Does anyone else feel an emptiness in their lives? Or are most cricket fans not as obsessed as I am, and have, you know, other things to occupy themselves?
The end of the World Cup, a month-plus juggernaut, has left me with a completely new schedule — no early mornings; no stealth browsers at work; free time at the end of the night, now not beholden to the demands of sleep. The emotion I have now is the same I feel after finishing a long book, like Vikram Seth’s The Suitable Boy — you devote such a long time to completing it that when it’s over, you start to miss the characters and the happy routine the book’s length created. (Again, I assume most people are not like me and can read quickly.)

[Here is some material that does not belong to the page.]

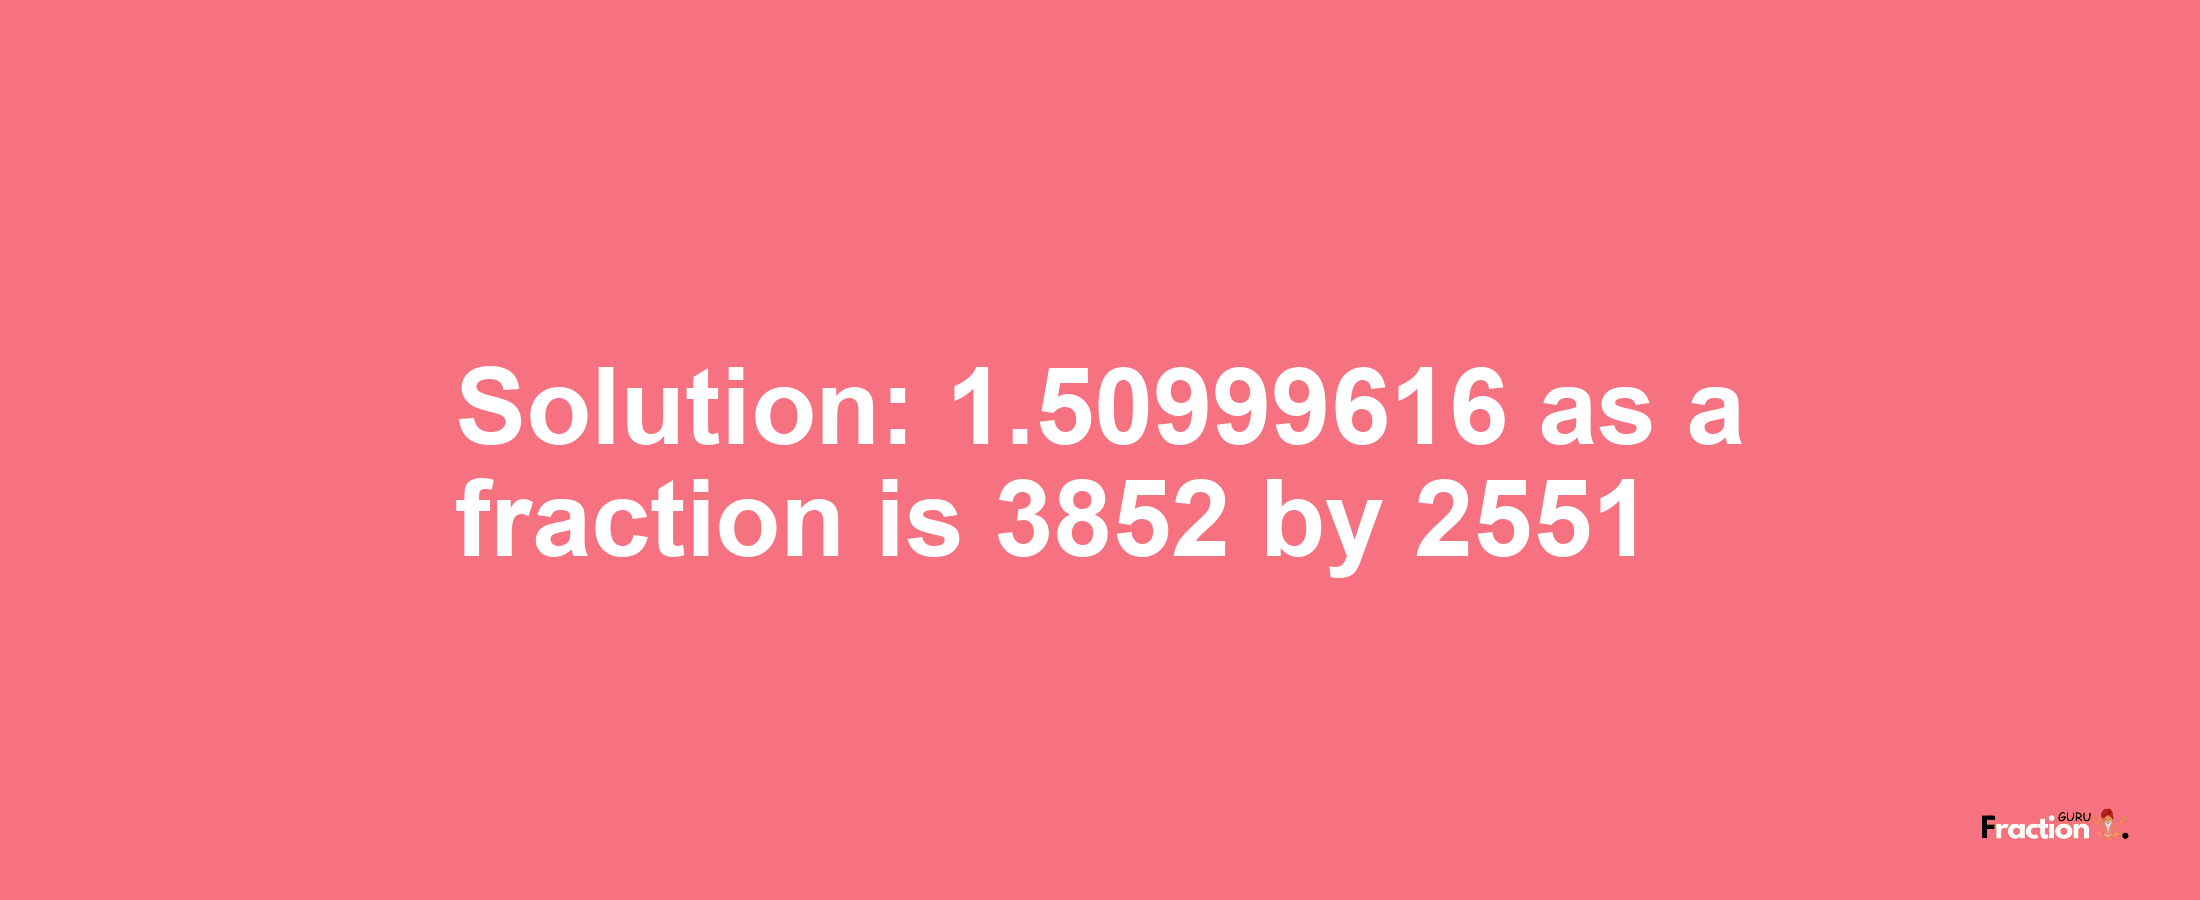 Solution:1.50999616 as a fraction is 3852/2551

There are competing interests in determining the length of the tournament: 1) The Associates want to be included, and the number of teams raises the duration; 2) The broadcasters don’t necessarily want the Associates, but if they have to include them, they insist on a one-match-per-day schedule; 3) The cricket calendar is already squeezed at it is, what with the IPL starting a mere week after the World Cup; 4) There are a whole range of promises and counter-promises made behind the scenes among board members.
But from a fan’s perspective, a long World Cup does have some virtues. This isn’t just a cricket fan saying, “Well, it means more cricket for me.” A team’s journey through the group and knock-out stages is one of the more fascinating elements of any tournament, and the time allows for narratives, pressure and suspense to build. It’s not all a waste, you know.